I reached a milestone in my daughter’s 529 plan. Excited about reaching five figures for my oldest child, I decided to tweet about the accomplishment, so others could share in my excitement. As expected, many were positive about me reaching the milestone. That is, except for one. It turns out, one individual commented that I should do some additional homework because having that kind of money in the college savings plan was only going to hurt me and my daughter in the long run.

Not being a stranger to the pros and cons of having money saved, I was aware of the potential ramifications of growing the assets in this type of an account. None the less, the comment caught me a bit off guard. It isn’t until now that I’ve been able to bring my thoughts together in a meaningful way on this comment.

The truth is

that when my daughter is old enough to attend college, her 529 plan assets will have to be included in her financial aid applications. If I can continue to save at the same rate for her from now until she begins her higher education adventure, we will have access to approximately $35,000. Is this enough to cover everything? No, it’s not. It will however lessen the burden to cover the difference owed when she reaches that point. So, when the powers that be review her financial status and state of need, we likely will not be receiving much, if any, assistance for her tuition. In one sense, that’s a bit of a bummer. My perspective is a little different though. 
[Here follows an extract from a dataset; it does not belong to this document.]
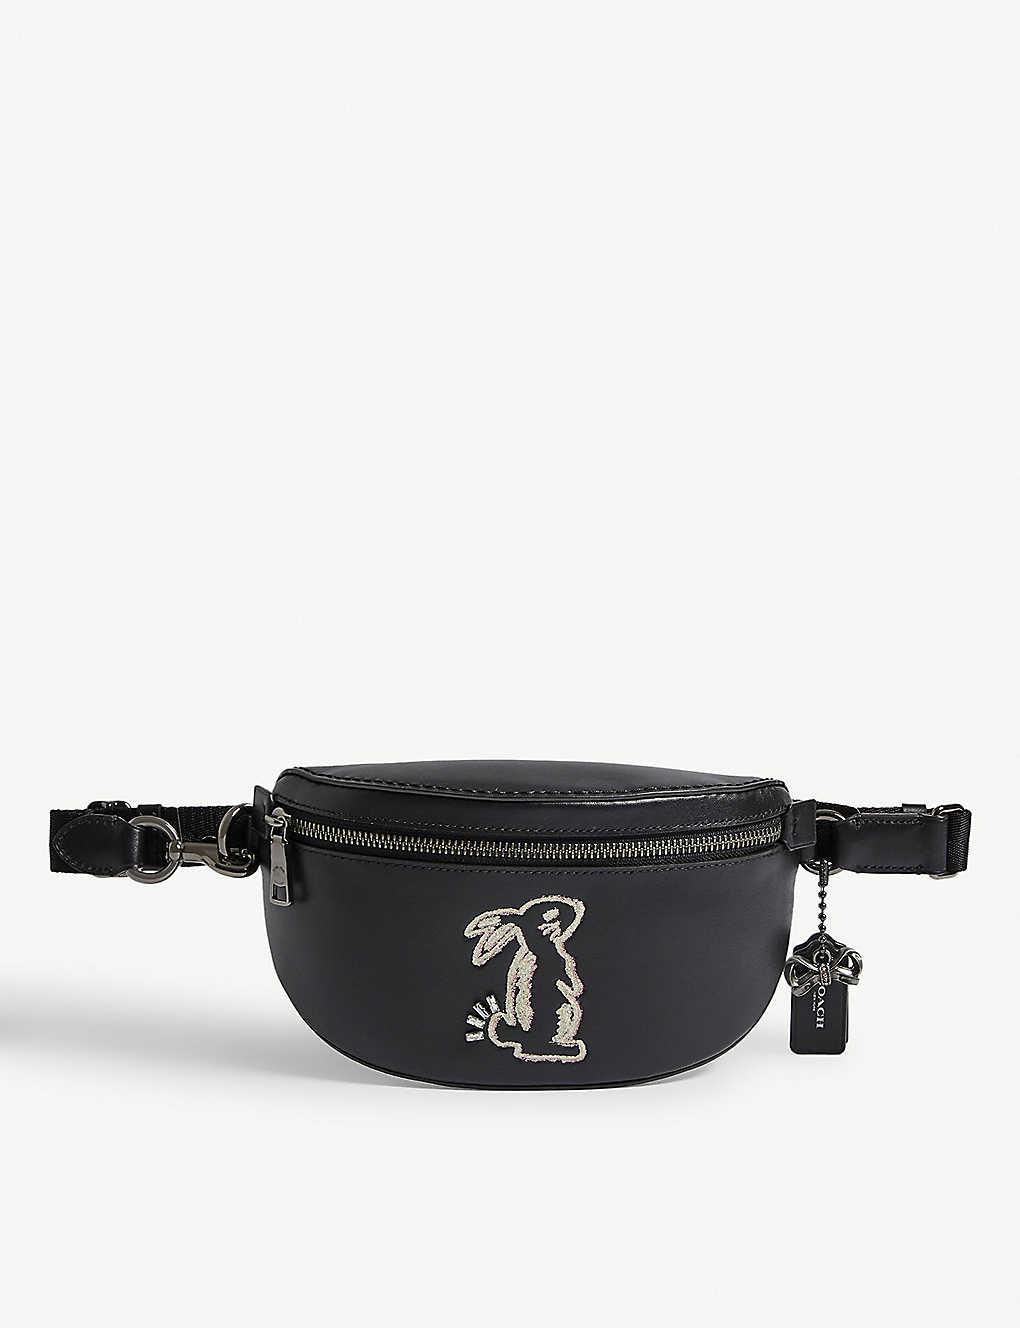 d83b0708bf19 COACH - Selena x Coach belt bag

The average student graduating with a four-year degree today is leaving college with a student loan balance of $29,800 (see here for more). I can’t help but wonder how many of these students did NOT have parents saving for their education in a 529 plan. On one hand, perhaps that helped them when they filled out their financial aid application. On the other hand, if many of these students did not have a 529 plan, it would appear that whatever financial aid they received wasn’t enough to cover their expenses. This notion is substantiated with the seemingly endless articles about the levels of student load debt increasing over the past several years.

For me

the question becomes, are we really doing our children any favors by not saving in a 529 plan so that they may qualify for more financial aid? It didn’t take me long to come to an answer. No. Absolutely not. If not saving in a 529 was the best strategy to obtain more financial aid to reduce the burden of higher education, we wouldn’t be facing ridiculous student loan debt figures. I believe the burden should fall more on the shoulders of parents and families.

Being financially responsible and disciplined for twenty years should be a bigger part of the answer to reducing student loan debt. Personally. I would rather foot the bill for my daughter’s higher education after saving for two decades than not save in hopes she qualifies for a portion of the sizable tuition bill. That to me, is a more sustainable model to reducing long term debt.
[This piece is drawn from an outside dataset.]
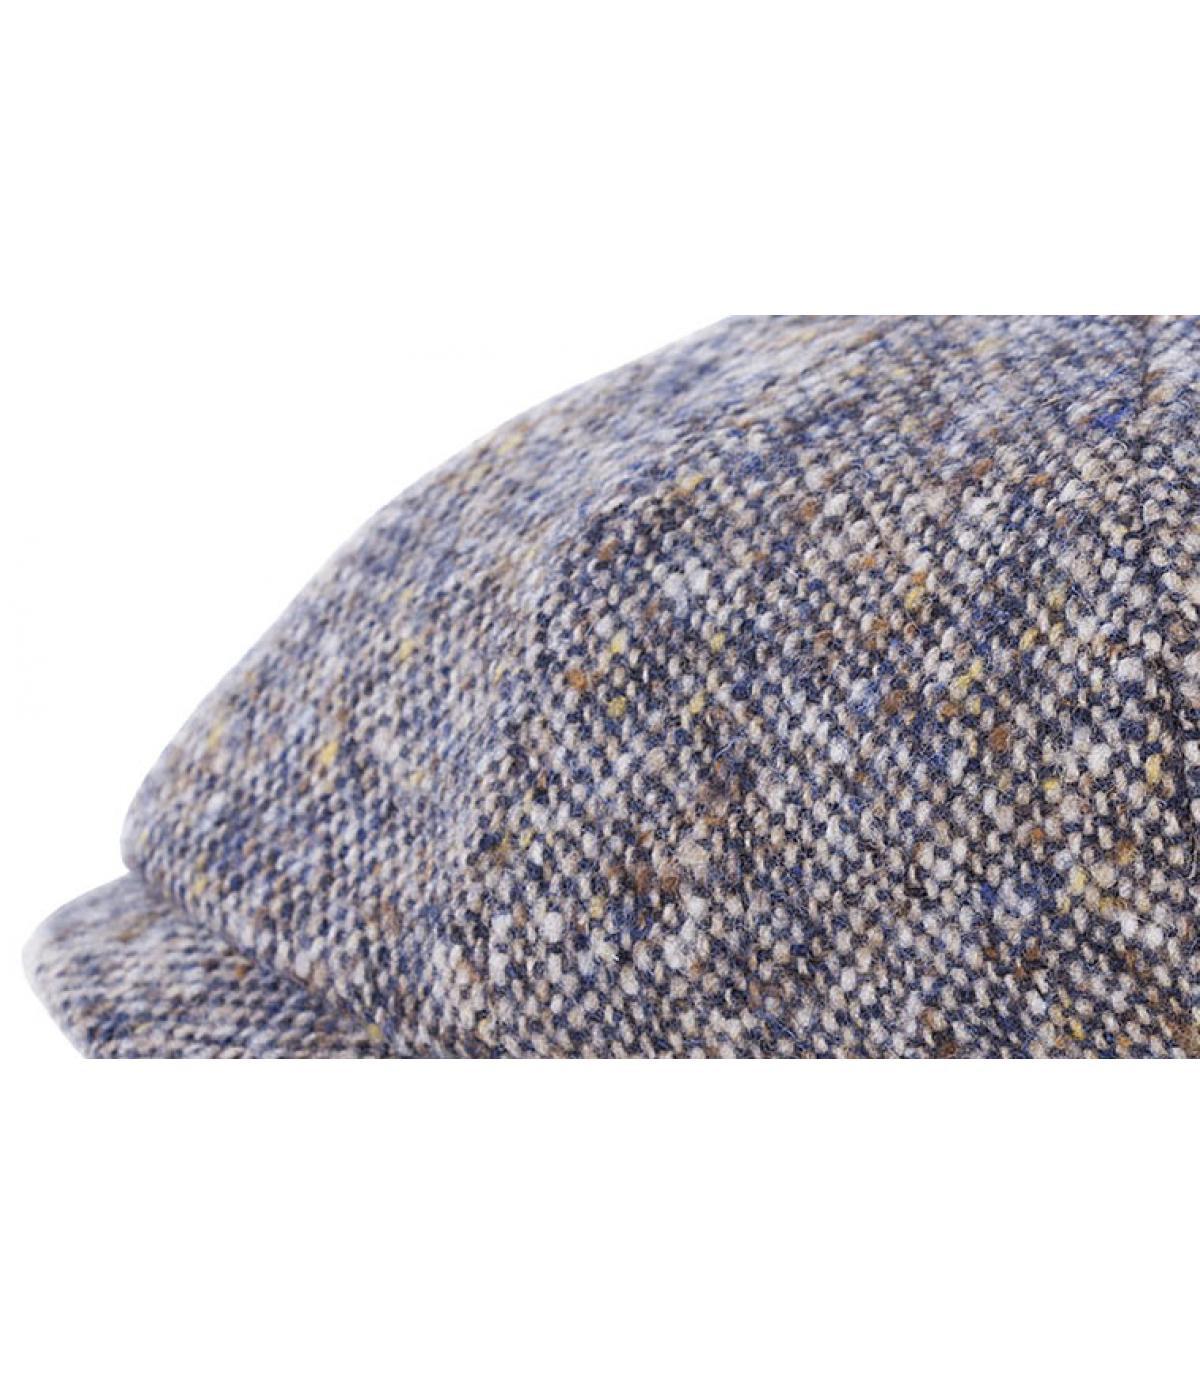 Detalles Hatteras donegal laine azul imagen 1

Please do not misunderstand me and my perspective. People do stand to benefit from financial assistance to obtain higher education. I fully support a model that benefits those in need. I also believe in a mindset that encourages life long financial responsibility and saving. Like many things financially speaking, saving for college is more about choices and accountability. Until we grasp that as a society, we’re bound to suffer the same financial hardships that so many are facing today.